Keine Modulation zulassen
Die Direktzahlungen geben der Landwirtschaft Planungssicherheit, sichern das Einkommen und tragen so zur Stabilisierung der landwirtschaftlichen Betriebe bei. Die europäische Agrarpolitik hat immer ausgezeichnet, dass sie die nicht am Markt honorierten gesellschaftlichen Leistungen ausgleicht und das muss auch weiterhin so sein. Eine Kofinanzierung der Direktzahlungen durch die Mitgliedstaaten lehnen wir ebenso wie die Modulation, also die Mittelumschichtung von der 1. in die 2. Säule, strikt ab. Wir kämpfen auch weiterhin für den Bürokratieabbau in der Landwirtschaft und fordern, dass die Cross Compliance-Regeln in der neuen Förderperiode so einfach wie möglich gestaltet werden. Die Landwirte müssen genügend Zeit für ihre eigentliche Arbeit haben und ihre kostbare Zeit nicht amSchreibtisch verbringen müssen. In diesem Bereich konnten wir als CDU/CSU in der Vergangenheit bereits einige Erfolge erzielen, indem wir – um nur ein Bespiel zu nennen – die sogenannte „De-minimis-Regel“ für geringe Verstöße durchgesetzt haben.

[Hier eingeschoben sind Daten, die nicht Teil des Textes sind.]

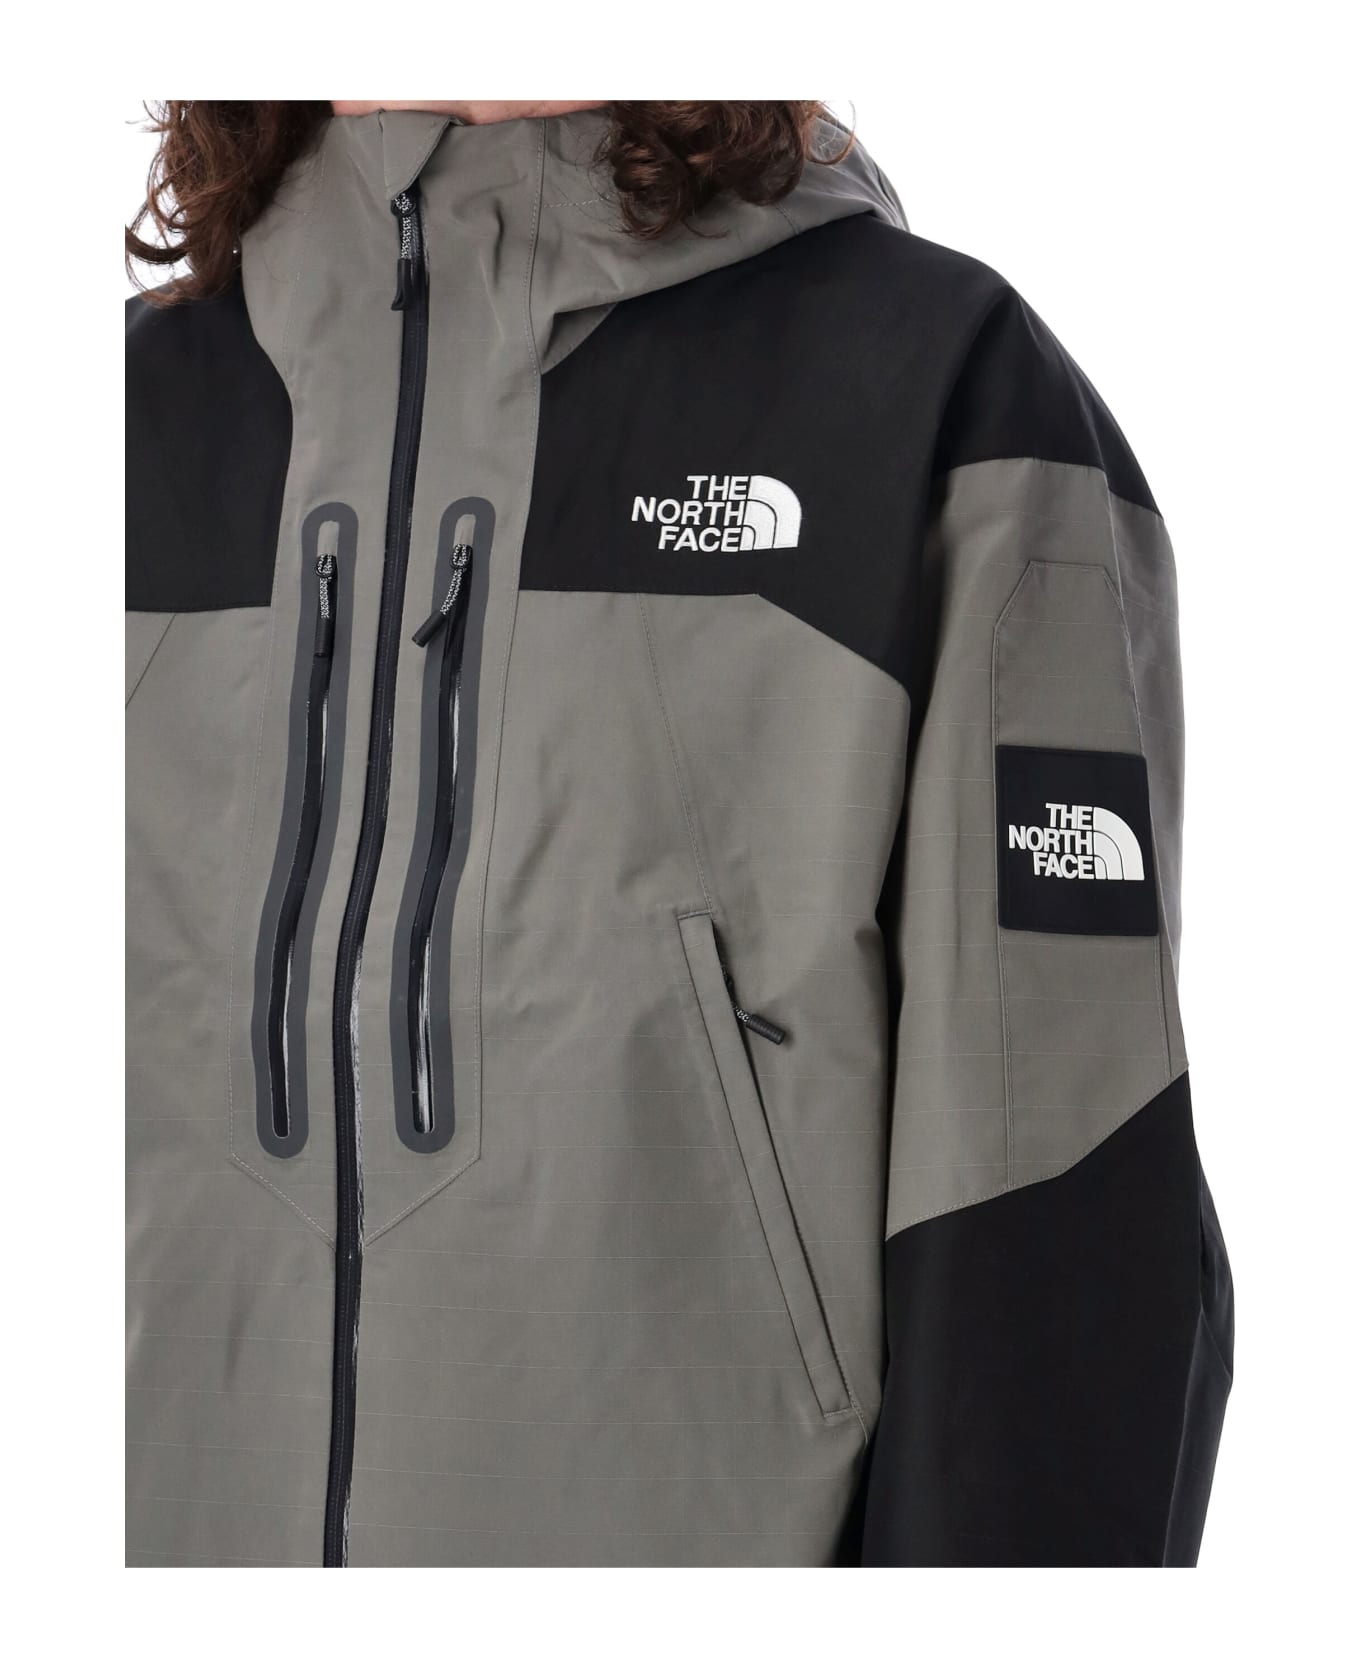 The North Face Trasverse 2l Dryvent Jacket - GREY ブレザー

Garantiezahlungen auch nach 2014
Die konservative Fraktion wird sich weiterhin für die Landwirte stark machen. Gemeinsam konnten wir bereits vieles für die Zuckerrübenwirtschaft erreichen. Bei der Zuckermarkt-Reform drohten damals Kürzungen der Produktionsmengen von bis zu 40 %. Wir waren vehement gegen diese Kürzungen. Zusammen konnten wir erreichen, dass die durch die Politik der Kommission unvermeidlich gewordene Reduzierung der EU-Zuckererzeugung auf eine Weise geschah, die den heute noch aktiven süddeutschen Zuckerrübenanbauern nur eine Kürzung um 5 % auferlegt. Auch sind die Ausgleichszahlungen länger und höher ausgefallen als ursprünglich von der Kommission anvisiert. Ich werde mich außerdem dafür einsetzen, dass es eine Übergangsfrist geben wird und Sie damit auch über das Jahr 2014 hinaus von Garantiezahlungen profitieren werden. Auch diese Meinung teilen nicht alle Fraktionen im Europäischen Parlament, so dass wir hier ebenfalls Ihre tatkräftige Unterstützung benötigen, durch Sie und Ihren Verband. Wir konnten uns bereits im Januar letzten Jahres erfolgreich dafür einsetzen, dass der Zuckerexport weit vor Beginn der Ernte europaweit auf 500.000 t angehoben wurde. Das war für Sie gut, denn das letzte Jahr war sehr erfolgreich und brachte 30 % mehr Erträge ein als in durchschnittlichen Jahren. Gehen Sie Ihren Weg konsequent weiter und machen sich fit für die Zukunft. Dazu zählen die Optimierung bei der Züchtung und Anbautechnik genauso wie die Nutzung der neuen Chancen, die sich durch den Kampf gegen den Klimawandel ergeben: Als Umweltpolitikerin sage ich: Der Landwirt ist der Energiewirt der Zukunft!
Zusammenfassung
Die Landwirtschaft ist ein bedeutender Wirtschaftszweig in der EU, der die Ernährungssicherheit für eine halbe Milliarde Menschen in der EU gewährleistet. Mit dem Vertrag von Lissabon hat das Europäische Parlament an politischer Macht auch im Agrarsektor gewonnen. Diese Einflussmöglichkeiten gilt es nun im Sinne einer nachhaltigen, zukunftsorientierten Landwirtschaft bei der Agrar-Reform 2013 einzusetzen.